> Contents
18+
MLB Betting Model: Build Your Own System From Scratch (2026)
Picture this: it's Tuesday morning, the full MLB slate drops in 3 hours, and you have 14 games to evaluate. Gut feel says the Dodgers are a lock. Your buddy swears the White Sox are "due." Meanwhile, the sharp money is moving a line nobody's talking about.
Here's the difference between you and the sharps: they have a model. Not a crystal ball — a systematic process that converts data into probabilities, compares those probabilities to market odds, and tells them exactly which bets have positive expected value.
The good news? As of 2026, every piece of data you need to build an MLB betting model is free. FanGraphs, Baseball Savant, and Statcast give you the same raw numbers that professional syndicates use. What separates the winners is how they engineer those numbers into features, train models that actually predict outcomes, and manage bankroll with discipline.
This guide walks you through the entire process — from your first spreadsheet to a full Python ensemble model. Whether you're a complete beginner or a data scientist looking for MLB-specific feature engineering ideas, there's a level for you. Let's build something that actually works.

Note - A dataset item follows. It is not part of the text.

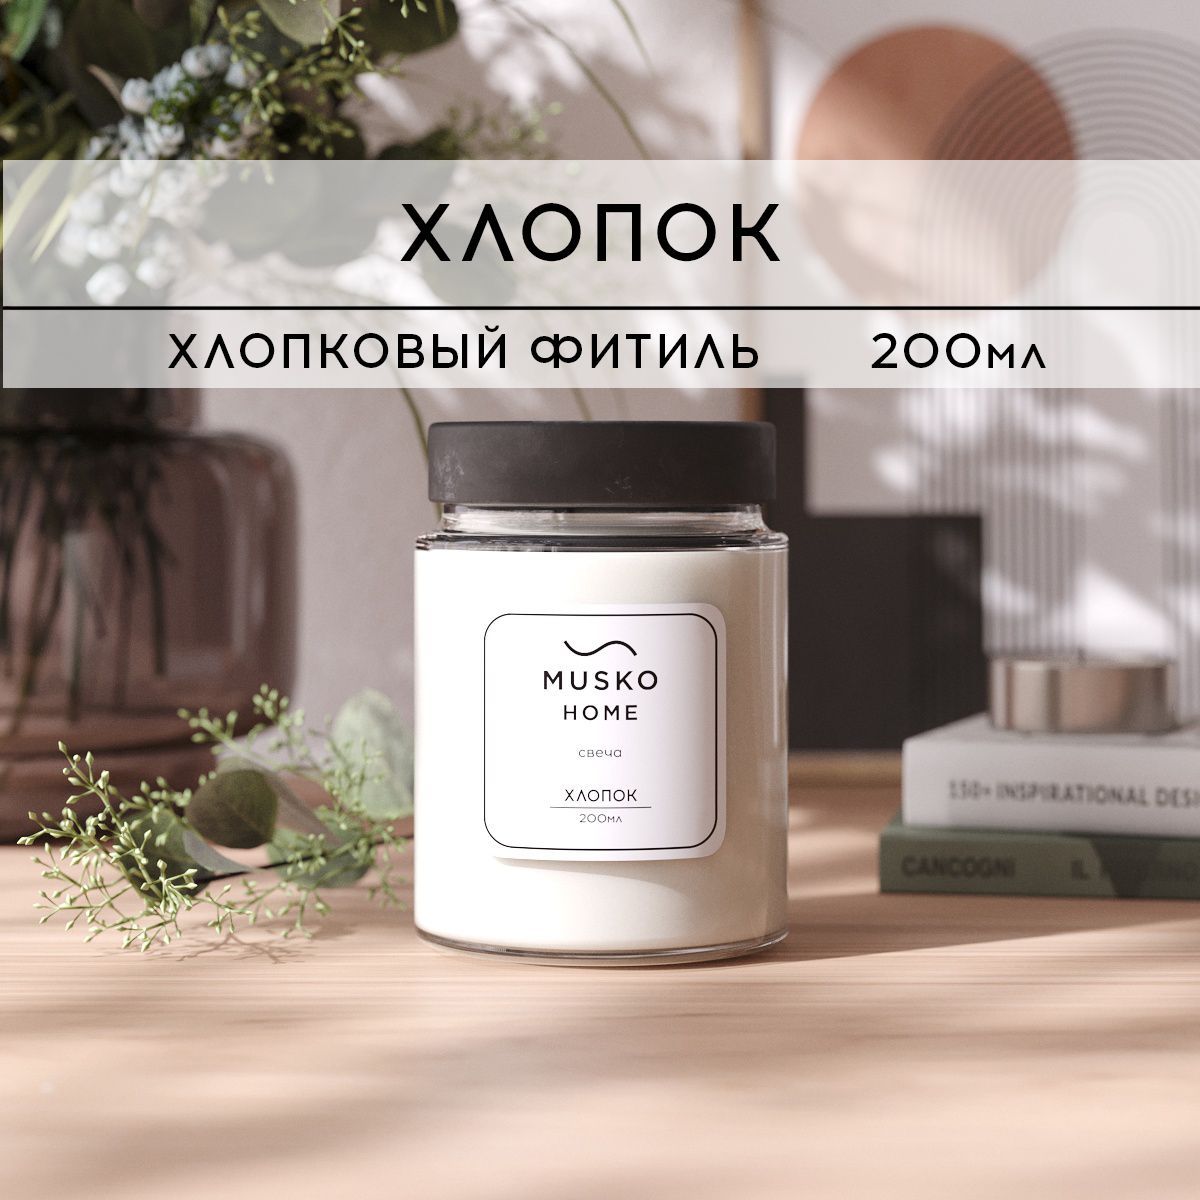 Свеча ароматическая MUSKO HOME - Нежный хлопок, 200 мл, хлопковый фитиль
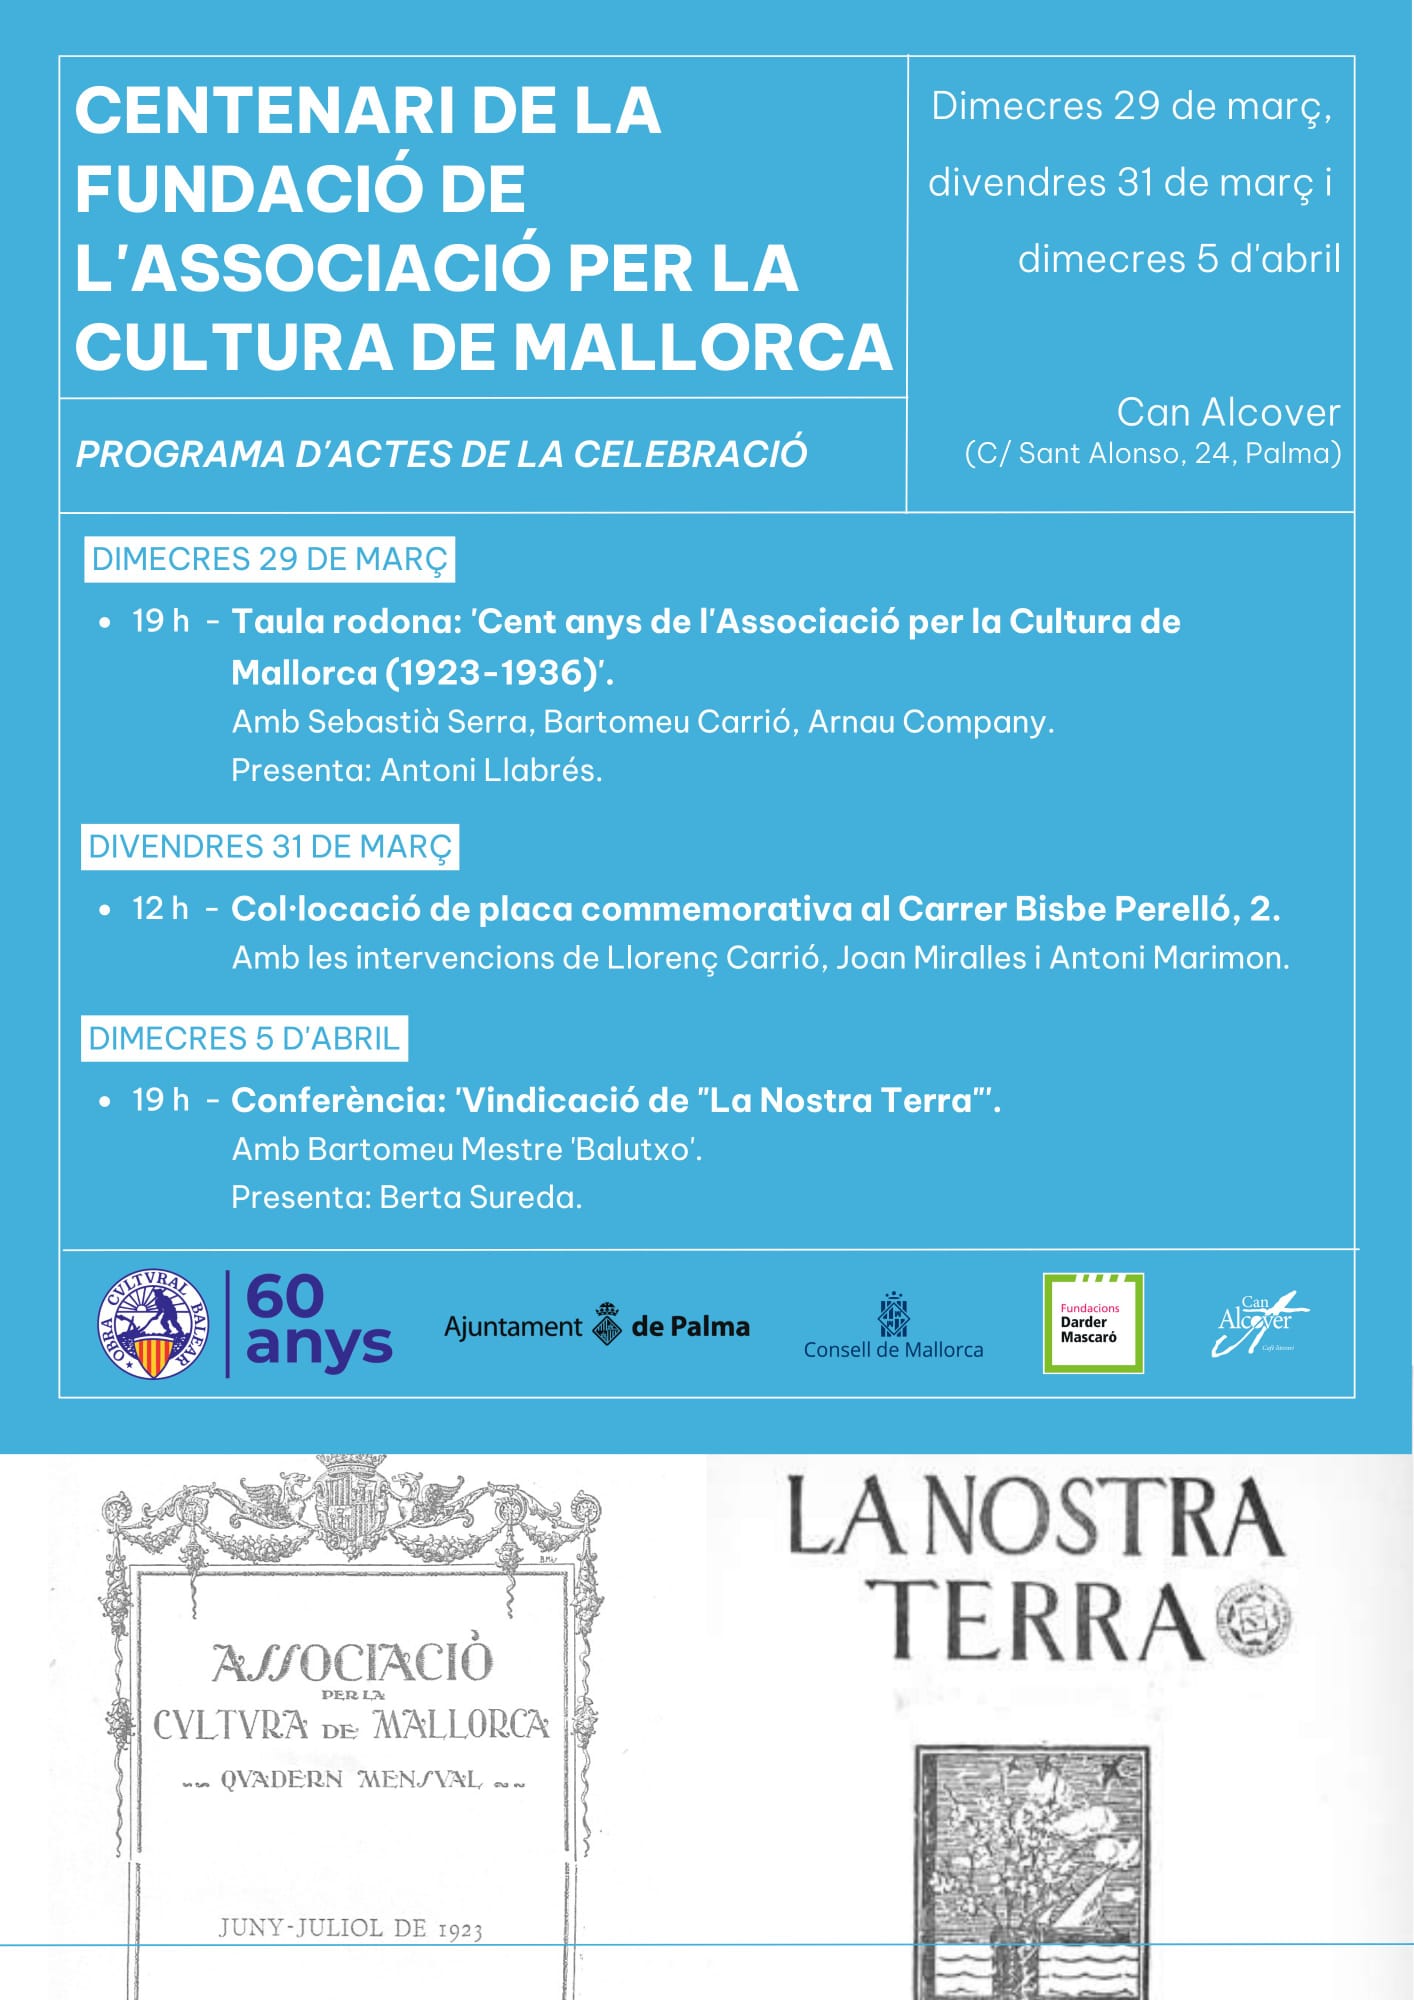 Centenari Associació per la Cultura de Mallorca

TL;DR — MLB Betting Model Quick Reference
Model Levels at a Glance
| Level | Tools | Time to Build | Expected Edge | Best For |
|---|---|---|---|---|
| Beginner | Spreadsheet + FanGraphs | 1-2 weeks | 1-3% | Learning the framework |
| Intermediate | Python + Regression | 3-4 weeks | 3-5% | Consistent small edges |
| Advanced | XGBoost + Ensemble | 6-8 weeks | 5-8% | Maximizing ROI |
Who This Guide Is For
This guide is for anyone who wants to move from gut-feel picks to a data-driven MLB betting system. You don't need a statistics degree — if you can use a spreadsheet, you can start at Level 1. If you know basic Python, jump straight to the intermediate section.
What Is an MLB Betting Model (and Why Build One)?
Model vs Gut Feel — The Key Difference
A betting model is a probability machine. You feed it data (pitcher stats, park factors, bullpen usage), and it outputs a probability for each possible outcome. That probability is then compared to the market odds to find +EV bets.
The difference matters: when you "feel" the Dodgers will win, you have no way to know if -180 is fair. When your model says the Dodgers have a 63% chance of winning, you can calculate that -180 implies only 64.3% — meaning the market is fairly priced and there's no bet.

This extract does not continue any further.